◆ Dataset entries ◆
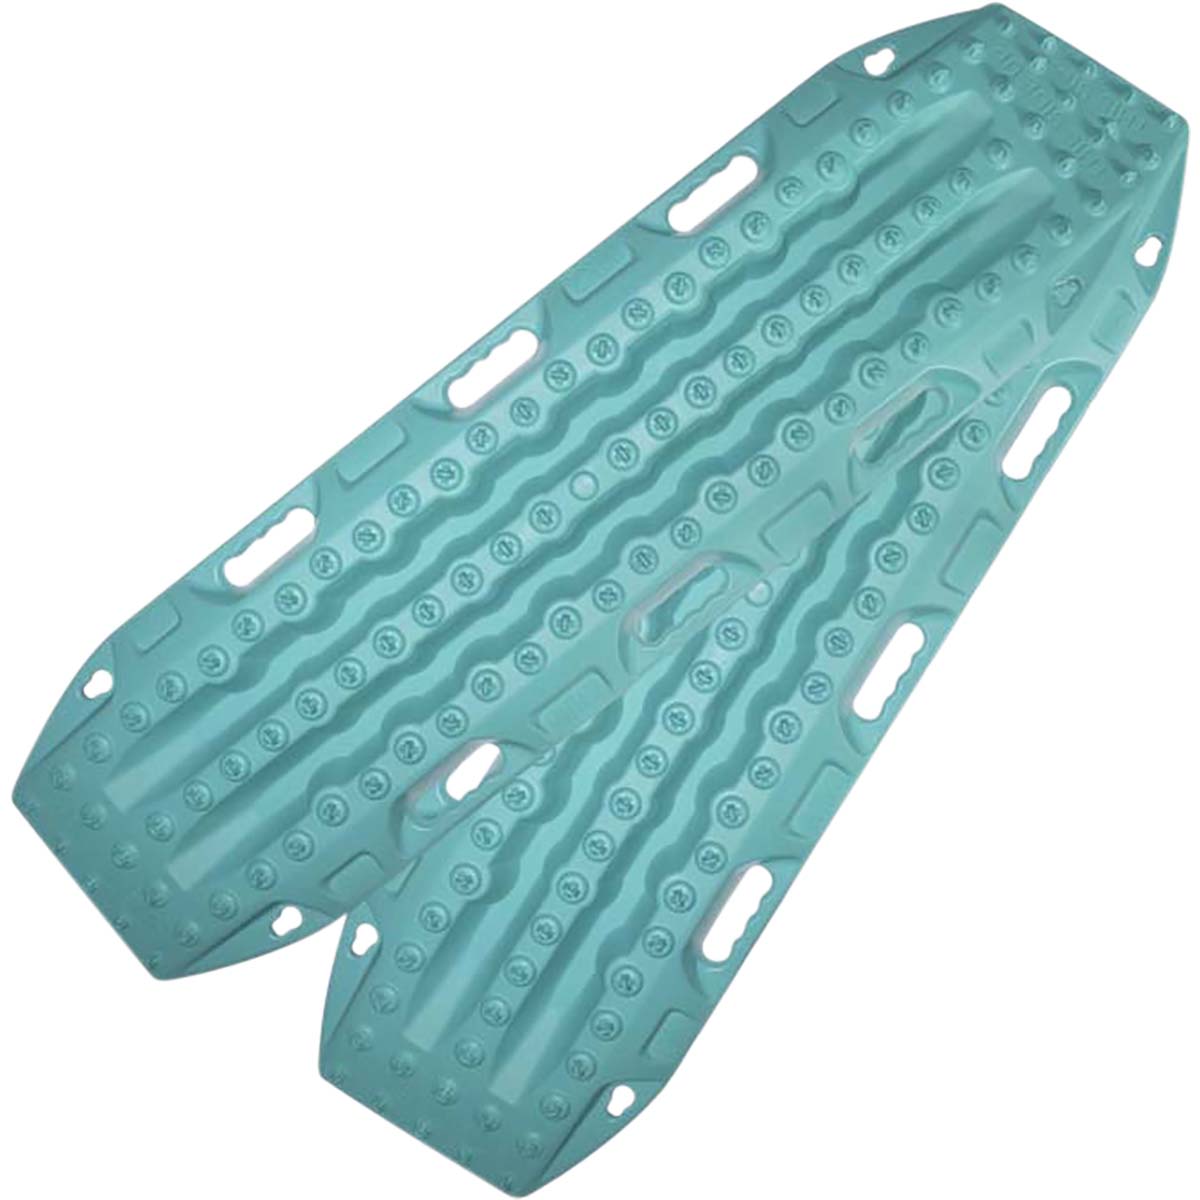 Maxtrax MKII Recovery Boards Turquoise
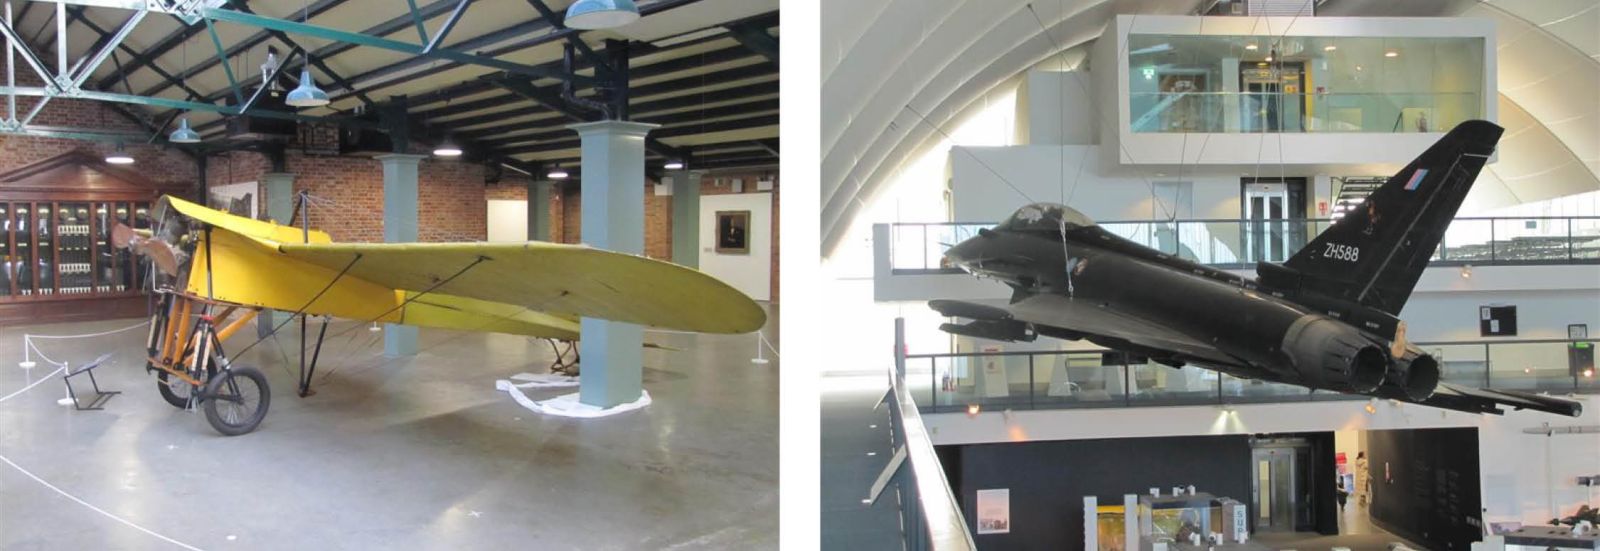 Pictures of Aircraft Left -  1911 Blériot XXVII  Right - Typhoon Fighter Jet
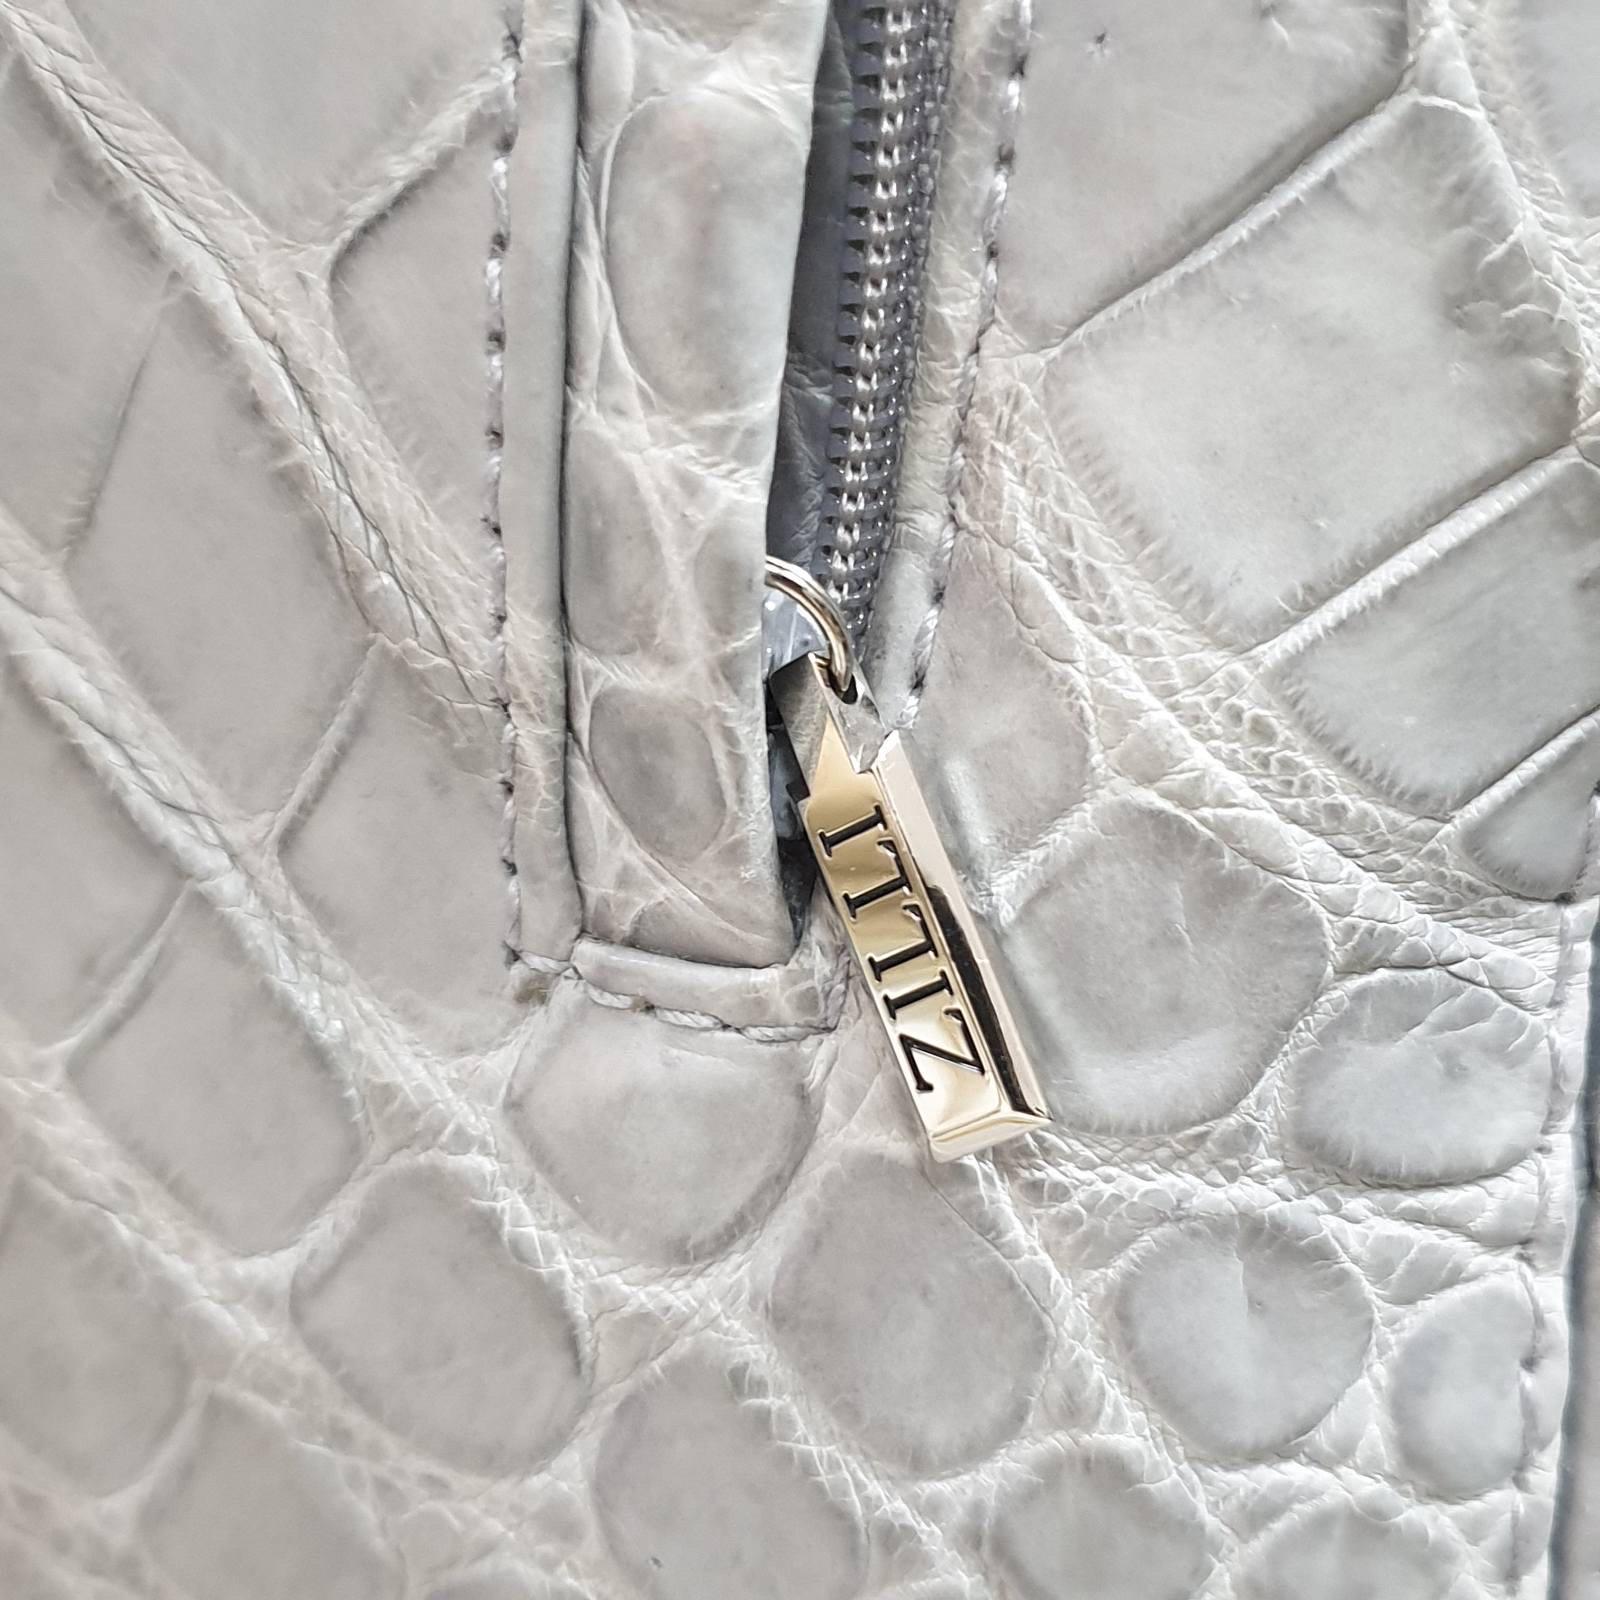 Retail price was 70 000 euros
Personalised jacket.
Name tag can be removed.
Individual order in Paris Zilli boutique
Very good condition.
Slight dirtiness seen on pics. Not very visible
Sz.40

◆ What to work on ◆
Copy exactly, and only, the lines from the first entry through the line holding "Very good condition.", both ends included, leaving out every picture.

◆ Your solution ◆
 Maxtrax MKII Recovery Boards Turquoise
 Pictures of Aircraft Left -  1911 Blériot XXVII  Right - Typhoon Fighter Jet
 Retail price was 70 000 euros
Personalised jacket.
Name tag can be removed.
Individual order in Paris Zilli boutique
Very good condition.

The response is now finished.